WHAT YOU HAVE TO DO | From the line below that contains "Onward Reserve Mulligan" to the line that contains "Viral claim about", repeat every line exactly, both ends included, and nothing else.

EXTRACTED MATERIAL |
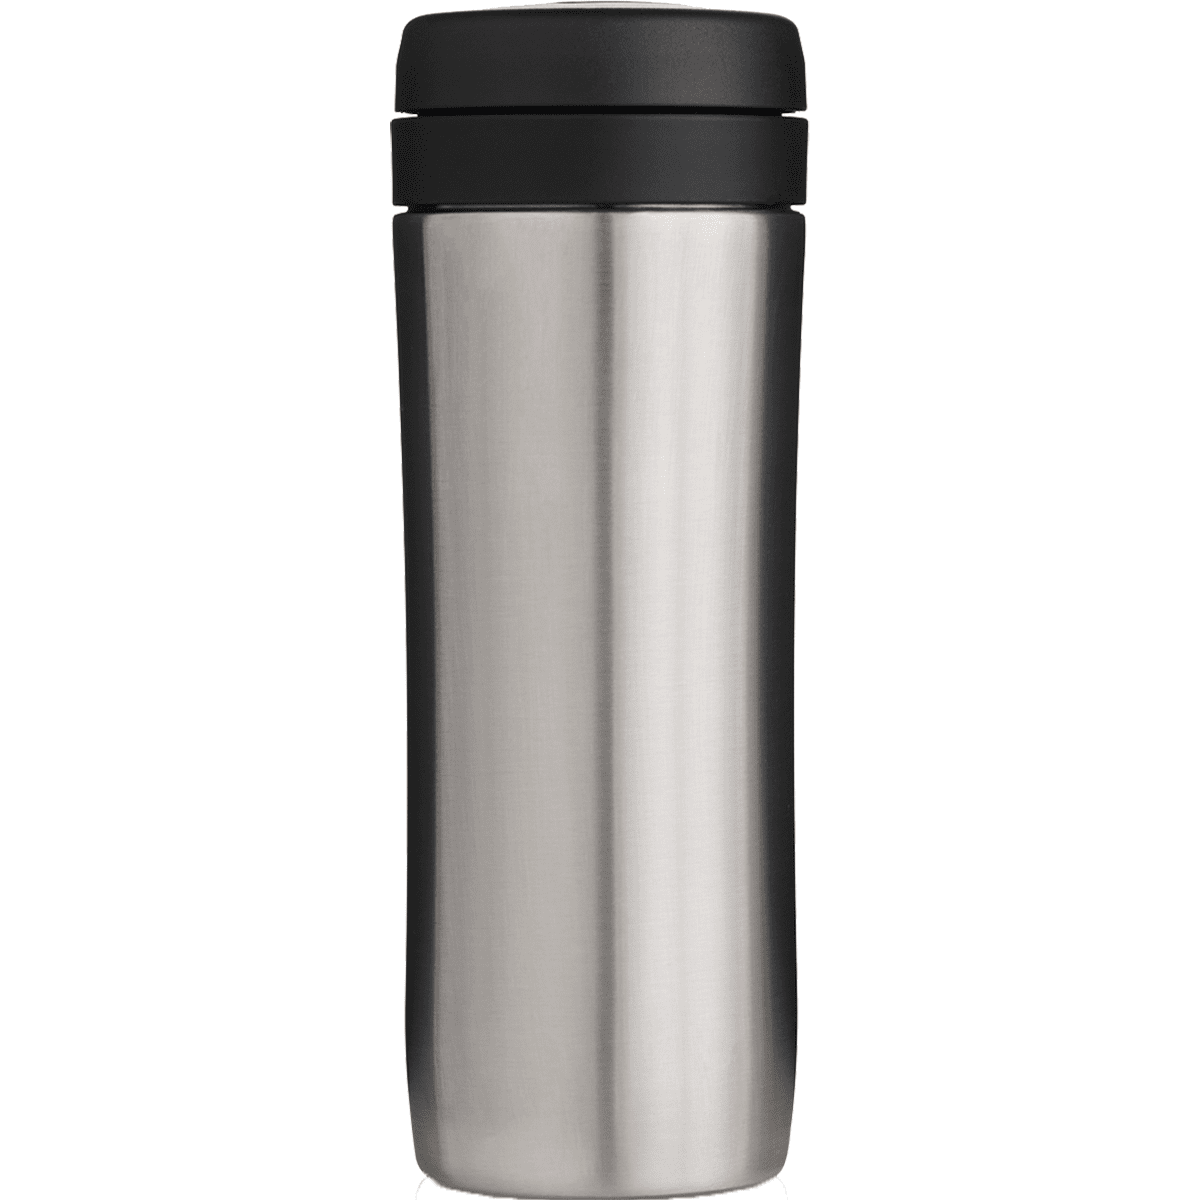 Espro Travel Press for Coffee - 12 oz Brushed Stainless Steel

* * *

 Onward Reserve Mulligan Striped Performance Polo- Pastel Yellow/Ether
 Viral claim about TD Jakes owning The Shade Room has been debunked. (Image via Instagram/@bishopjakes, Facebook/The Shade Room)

...

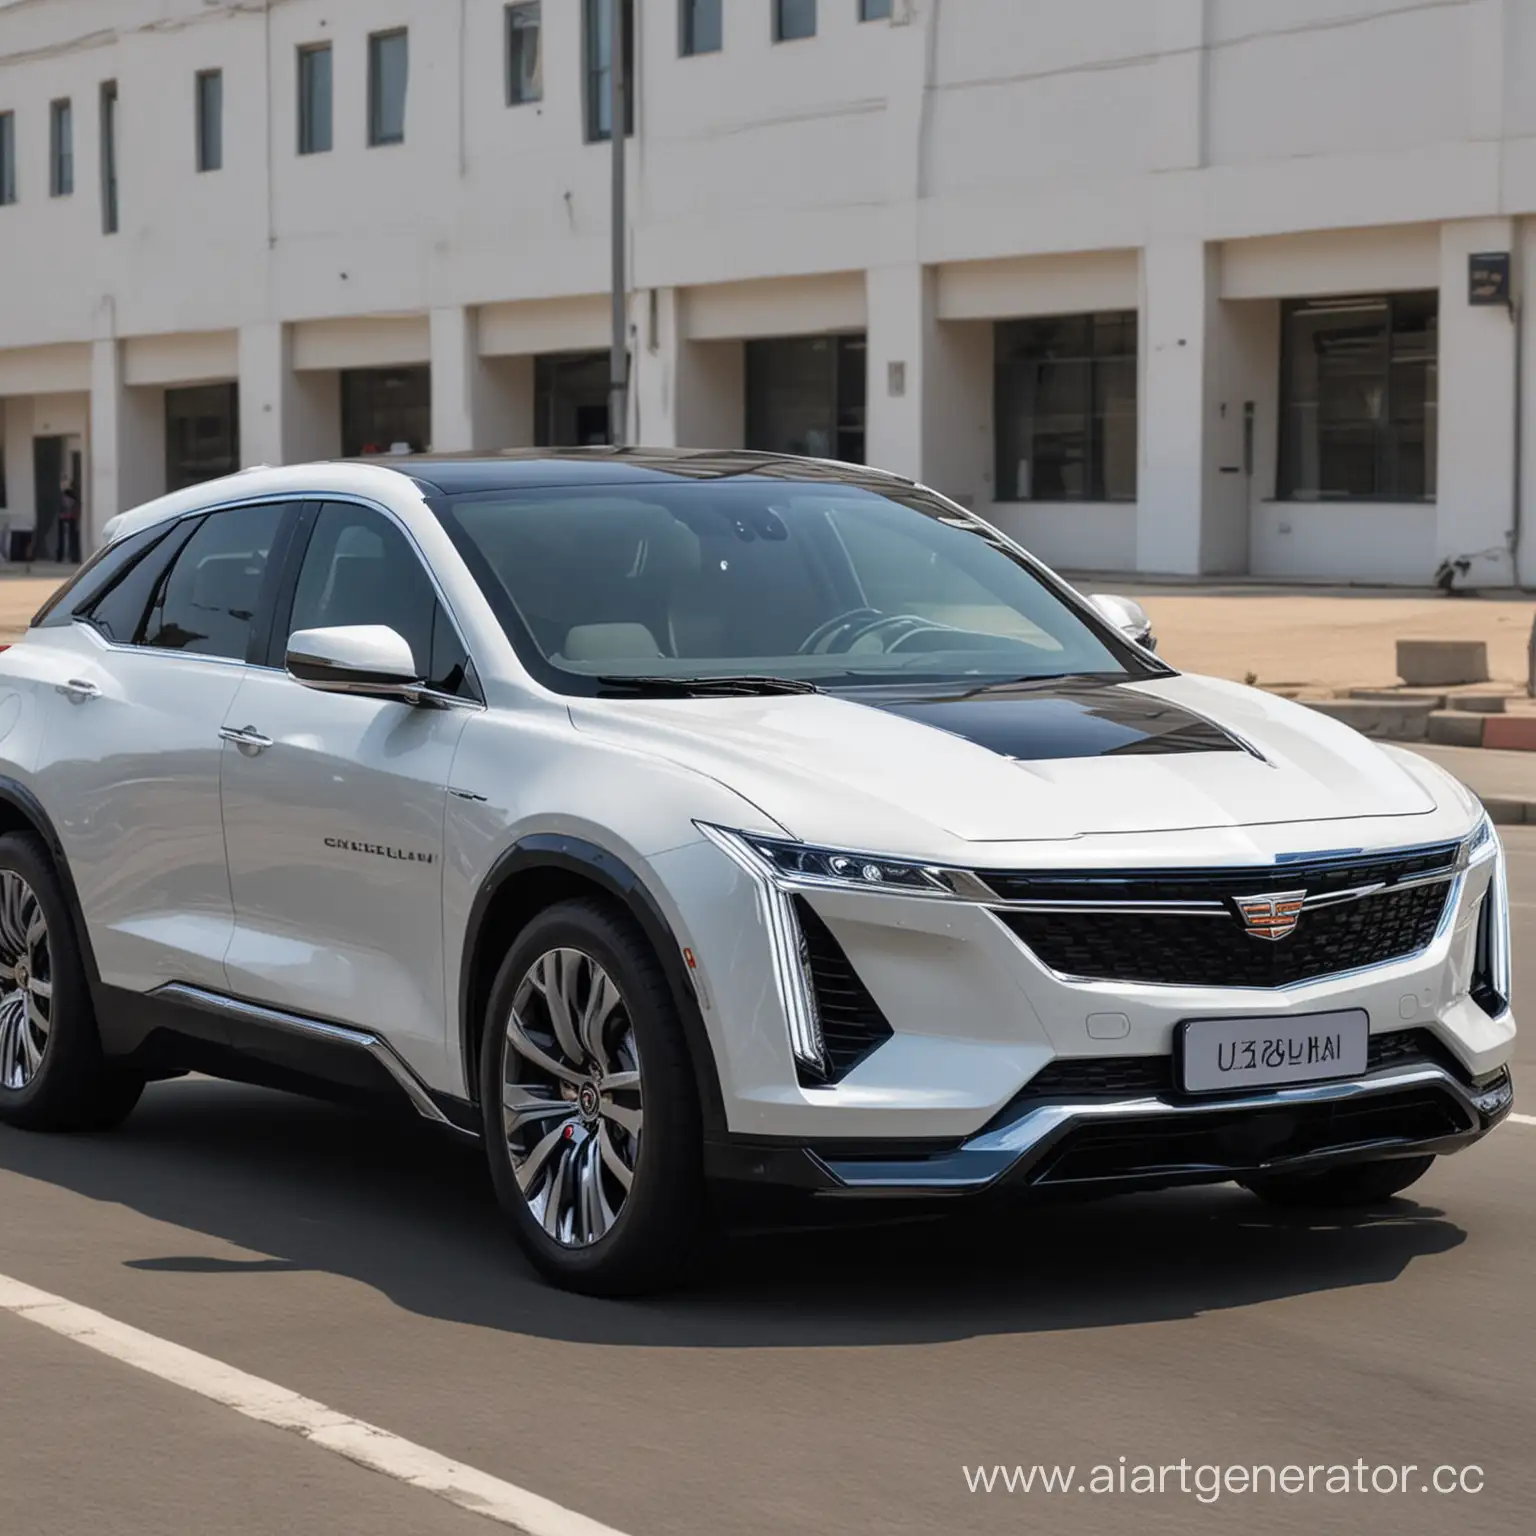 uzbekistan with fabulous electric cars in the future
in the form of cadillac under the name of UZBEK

ANSWER |
 Onward Reserve Mulligan Striped Performance Polo- Pastel Yellow/Ether
 Viral claim about TD Jakes owning The Shade Room has been debunked. (Image via Instagram/@bishopjakes, Facebook/The Shade Room)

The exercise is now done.